In order for us to review a decision of the commission, the commission must make a finding, even if the deputy commissioner previously made a factual ruling. See Goodyear Tire & Rubber Co. v. Pierce, 5 Va. App. 374, 377, 363 S.E.2d 433, 434 (1987). As the commission did not address claimant’s appeal of the deputy’s finding that the evidence showed no period of disability, we must remand this issue for further findings by the commission.

For the reasons stated above, we reverse the commission’s opinion and remand for the commission to determine if the entirety of the medical evidence is sufficient to show causation. The commission also must make a finding regarding the period of disability, if causation is found.

Reversed and remanded.


[1] Code ??65.2-401, “Ordinary disease of life” coverage, reads:

An ordinary disease of life to which the general pubic is exposed outside of the employment may be treated as an occupational disease for purposes of this [Workers’ Compensation] title if each of the following elements is established by clear and convincing evidence, (not a mere probability):

1. That the disease exists and arose out of and in the course of employment as provided in ??65.2-400 with respect to occupational diseases and did not result from causes outside of the employment, and

2. That one of the following exists:

a.

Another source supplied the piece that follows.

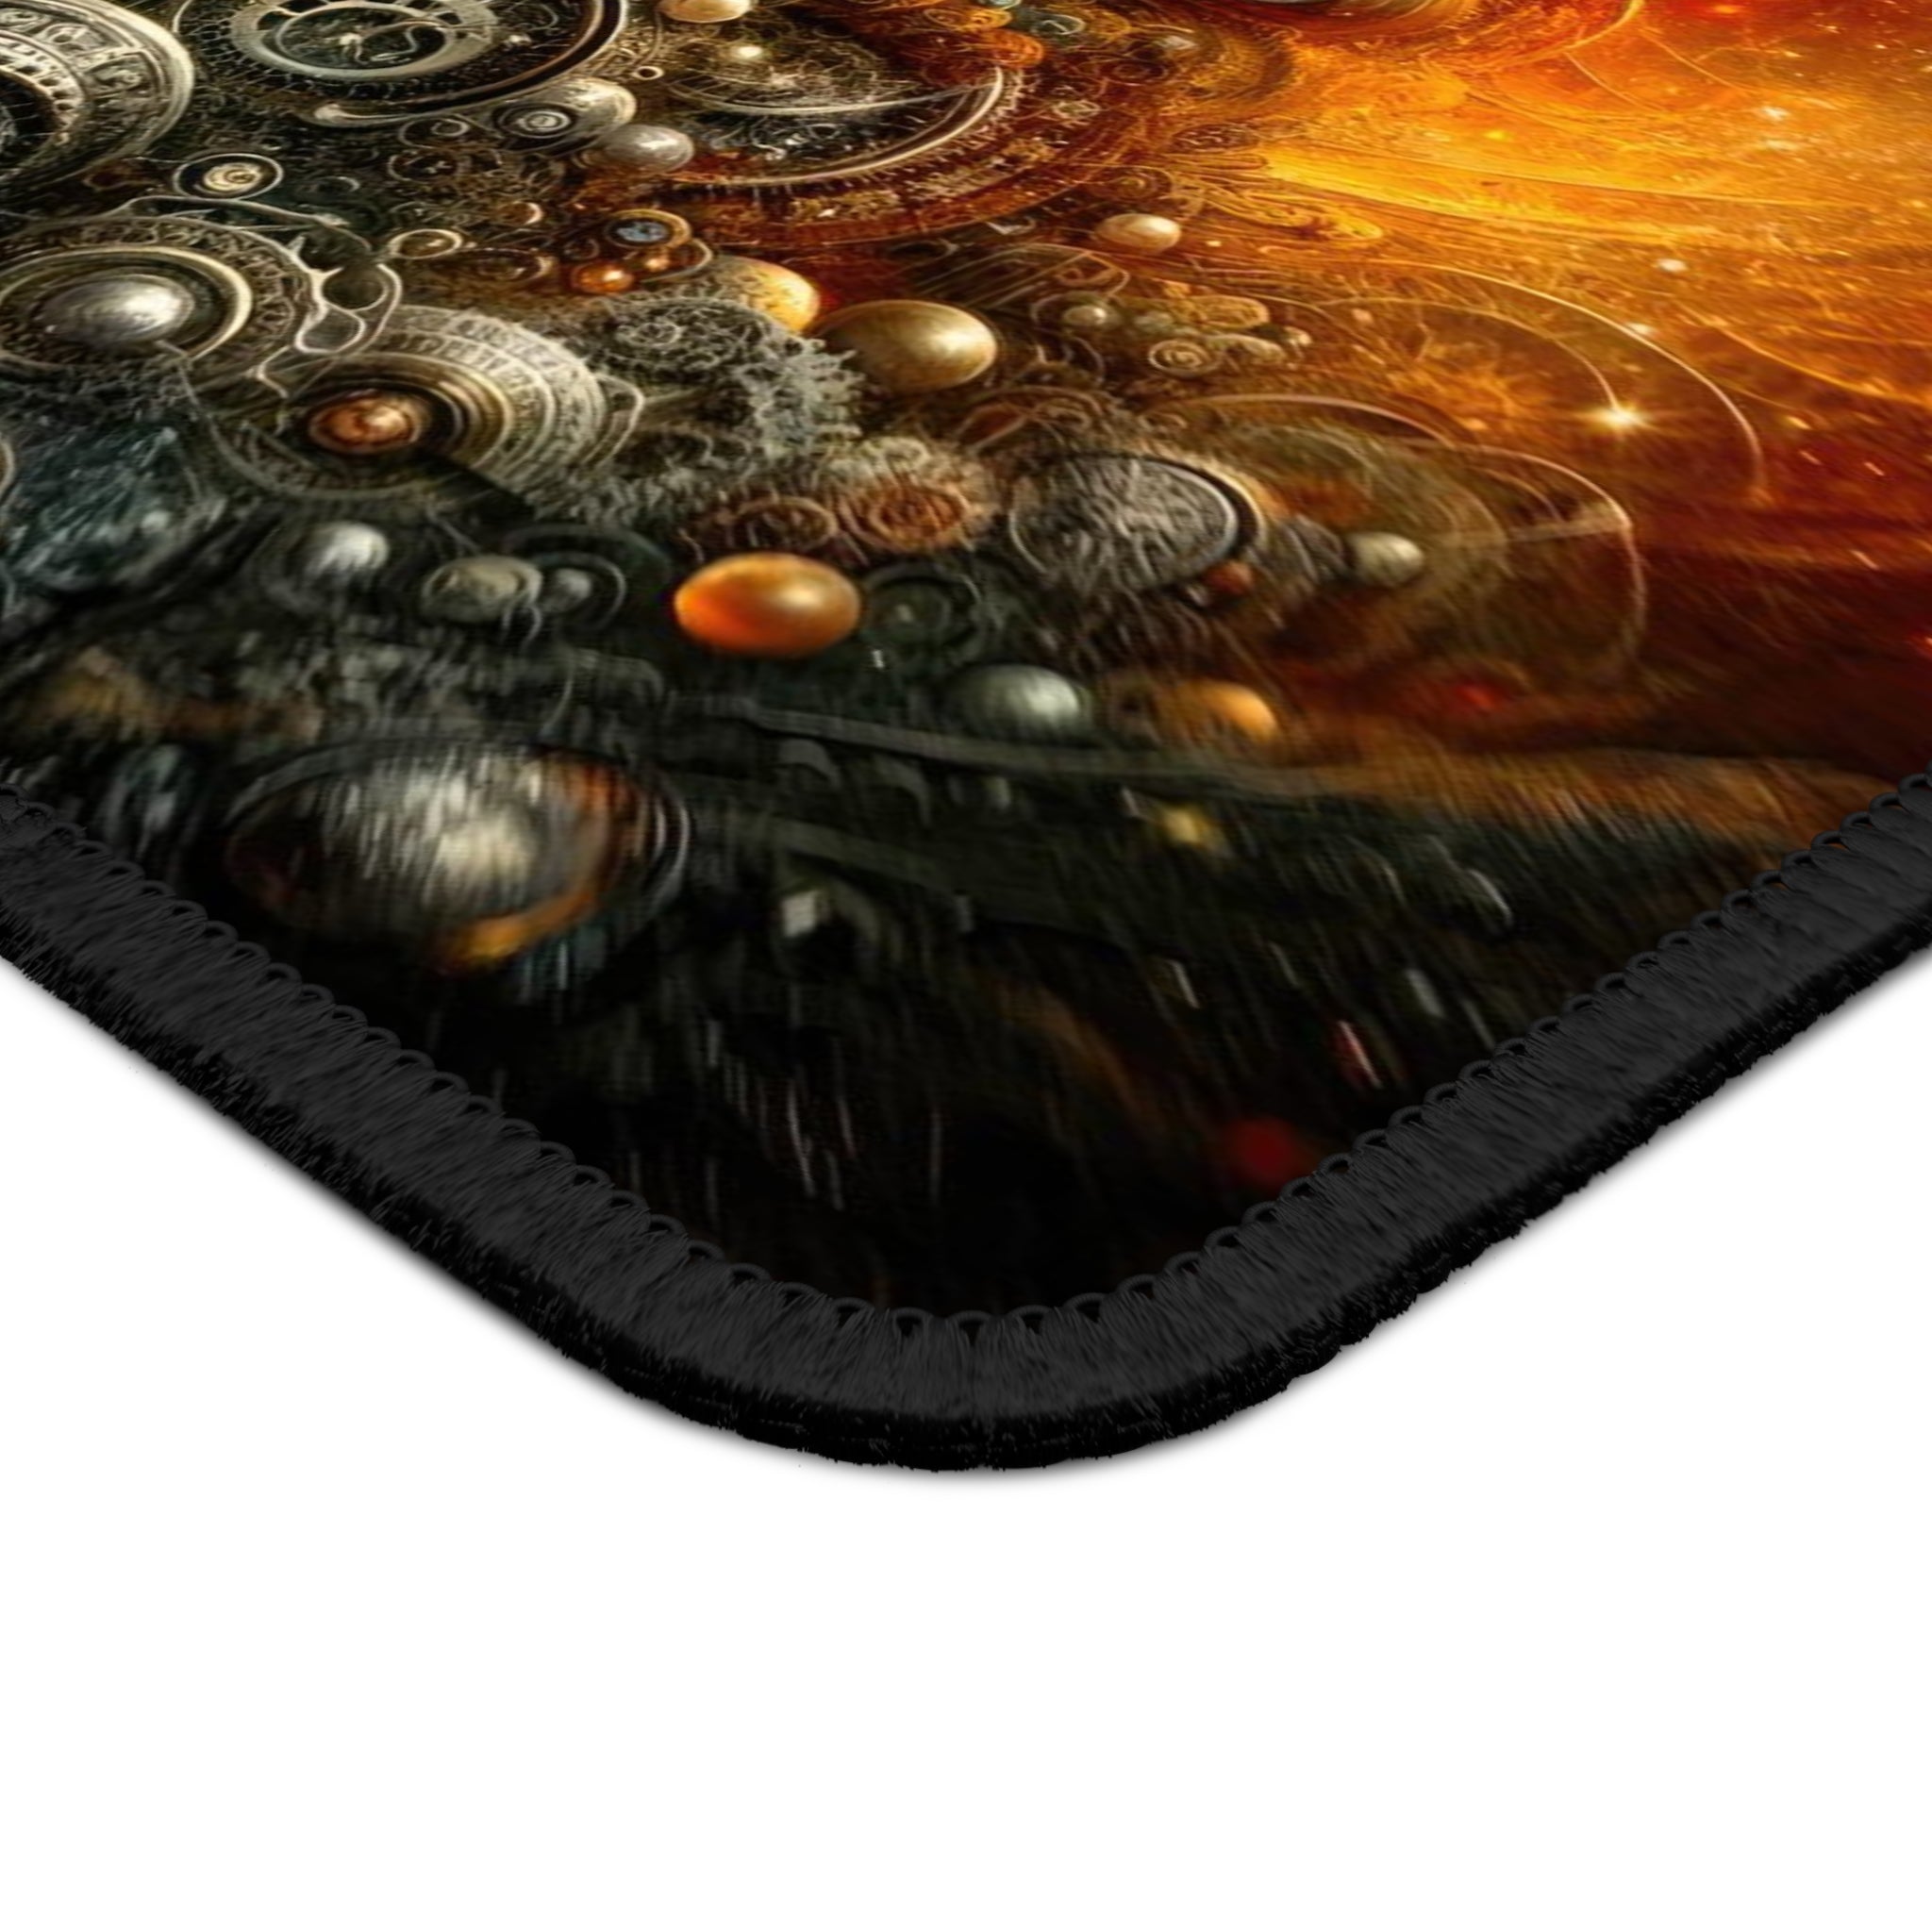 Aeonian Gears of the Ancient Gaming Mouse Pad

It follows as an incident of occupational disease as defined in this title; or

b. It is an infectious or contagious disease contracted in the course of one’s employment in a hospital or sanitarium or laboratory or nursing home as defined in ??32.1-123, or while otherwise engaged in the direct delivery of health care, or in the course of employment as emergency rescue personnel and those volunteer emergency rescue personnel referred to in ??65.2-101; or

c. It is characteristic of the employment and was caused by conditions peculiar to such employment.